+++ GIVEN INFORMATION +++

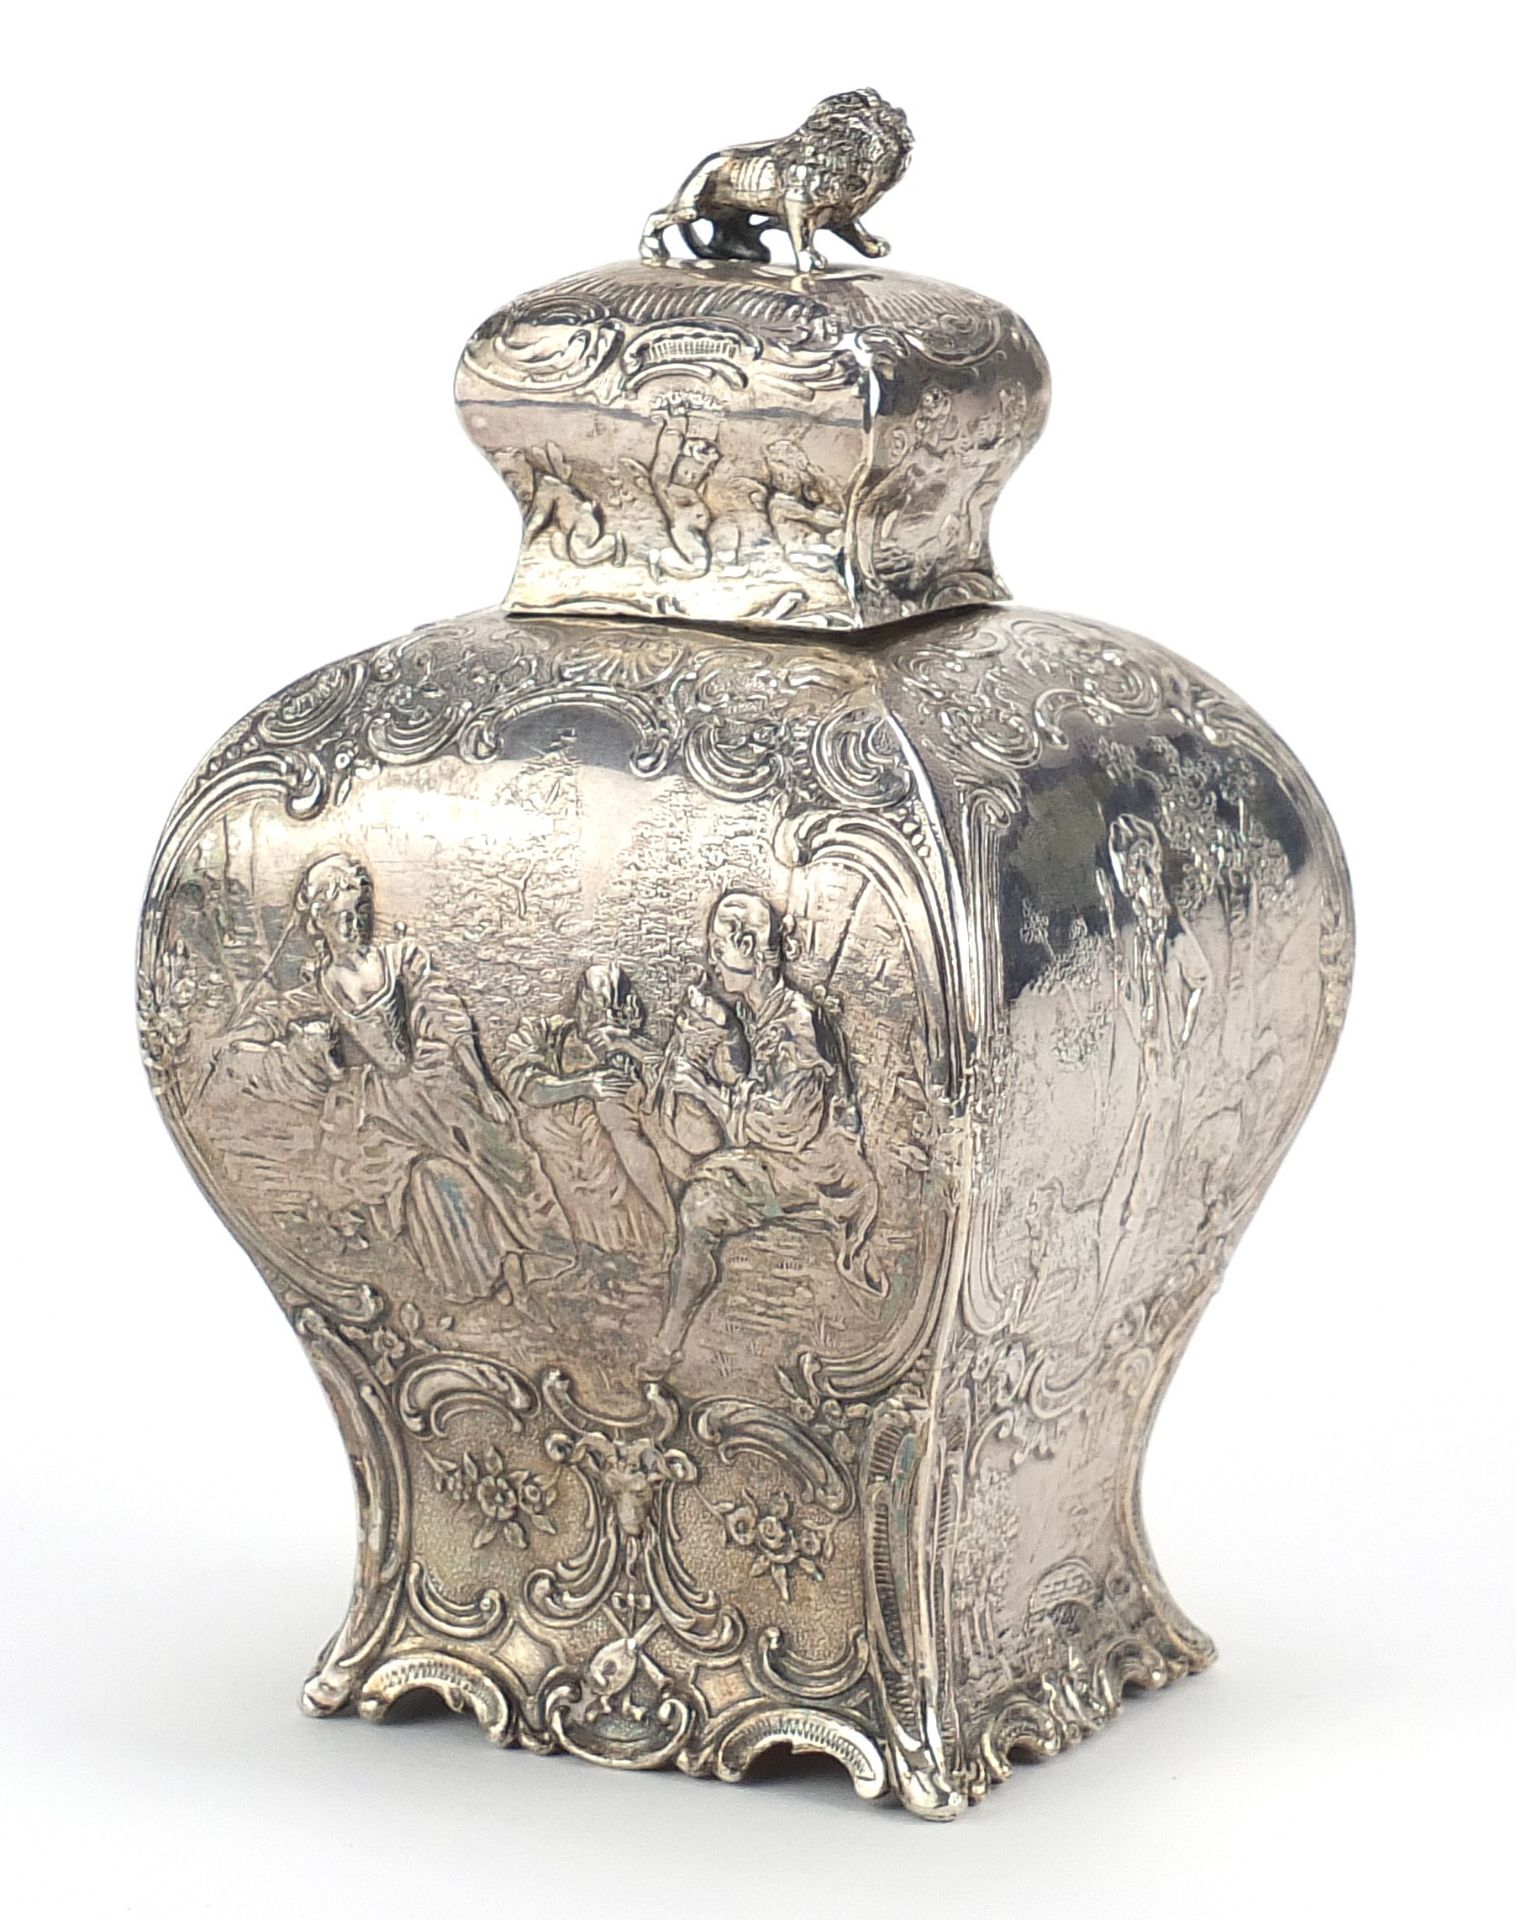 Antique Dutch silver caddy embossed with figures playing musical instruments, shepherd and Putti, - Image 2 of 4
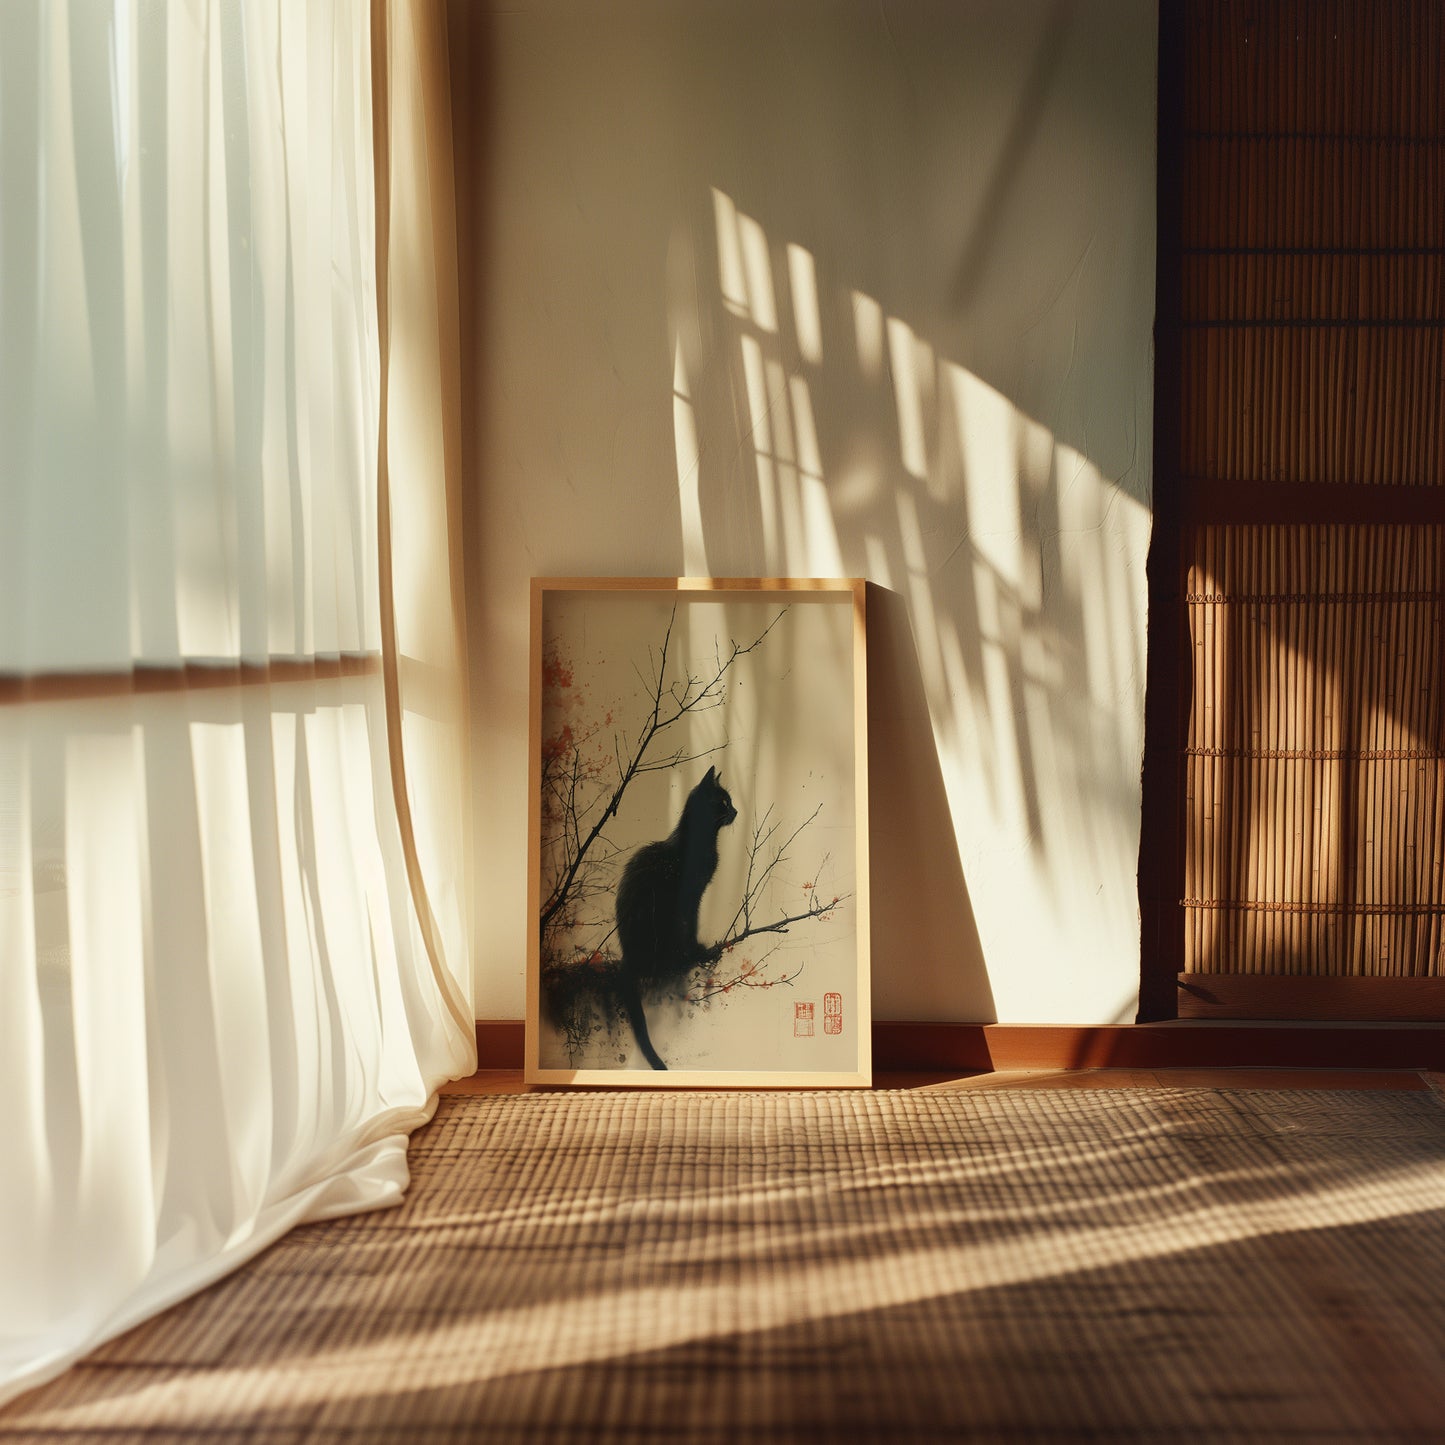 A serene room with tatami flooring, sheer curtains, a painting of a bird, and shadows from a window.
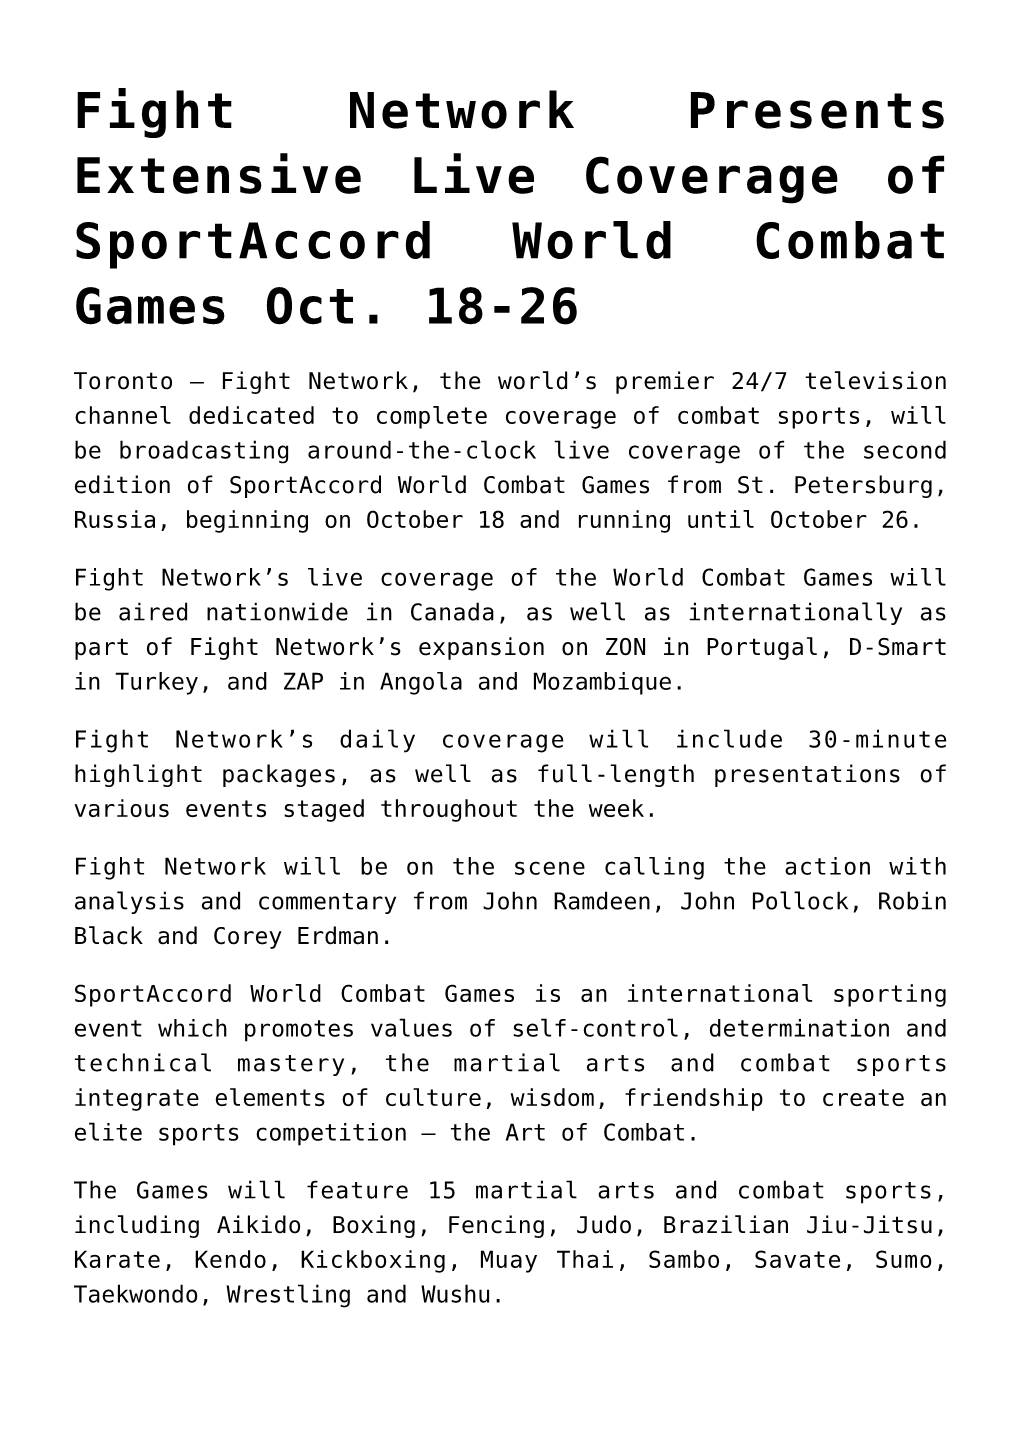 Fight Network Presents Extensive Live Coverage of Sportaccord World Combat Games Oct

+++

Return all the data exactly, pictures omitted.

 Antique Dutch silver caddy embossed with figures playing musical instruments, shepherd and Putti, - Image 2 of 4
 A serene room with tatami flooring, sheer curtains, a painting of a bird, and shadows from a window.
 Fight Network Presents Extensive Live Coverage of Sportaccord World Combat Games Oct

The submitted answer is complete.